▶ Problem description
For every line of the material below, check for the string "Wedding" and return the line if it is there.

- - -

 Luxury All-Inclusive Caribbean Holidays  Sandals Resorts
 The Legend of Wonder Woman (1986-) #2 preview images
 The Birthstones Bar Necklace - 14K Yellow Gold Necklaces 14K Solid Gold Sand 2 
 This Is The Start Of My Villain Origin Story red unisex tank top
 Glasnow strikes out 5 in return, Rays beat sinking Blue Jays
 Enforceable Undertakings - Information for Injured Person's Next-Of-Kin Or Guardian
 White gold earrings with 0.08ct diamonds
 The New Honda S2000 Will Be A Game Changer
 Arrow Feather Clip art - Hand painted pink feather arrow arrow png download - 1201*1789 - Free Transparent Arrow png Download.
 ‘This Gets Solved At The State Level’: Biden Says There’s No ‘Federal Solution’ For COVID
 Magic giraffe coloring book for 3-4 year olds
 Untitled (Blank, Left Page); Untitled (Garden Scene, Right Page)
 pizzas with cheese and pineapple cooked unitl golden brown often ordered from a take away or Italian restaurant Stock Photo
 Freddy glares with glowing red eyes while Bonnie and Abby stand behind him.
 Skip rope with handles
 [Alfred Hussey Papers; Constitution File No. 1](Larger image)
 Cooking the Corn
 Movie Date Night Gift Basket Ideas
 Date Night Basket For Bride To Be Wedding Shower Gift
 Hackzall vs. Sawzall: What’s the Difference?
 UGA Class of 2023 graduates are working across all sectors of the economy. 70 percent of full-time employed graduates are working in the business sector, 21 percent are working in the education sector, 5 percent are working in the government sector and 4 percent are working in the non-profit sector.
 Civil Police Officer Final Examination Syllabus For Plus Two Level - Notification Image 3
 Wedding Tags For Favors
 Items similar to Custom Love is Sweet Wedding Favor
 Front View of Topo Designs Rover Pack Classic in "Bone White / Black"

- - -

▶ Task output
 Date Night Basket For Bride To Be Wedding Shower Gift
 Wedding Tags For Favors
 Items similar to Custom Love is Sweet Wedding Favor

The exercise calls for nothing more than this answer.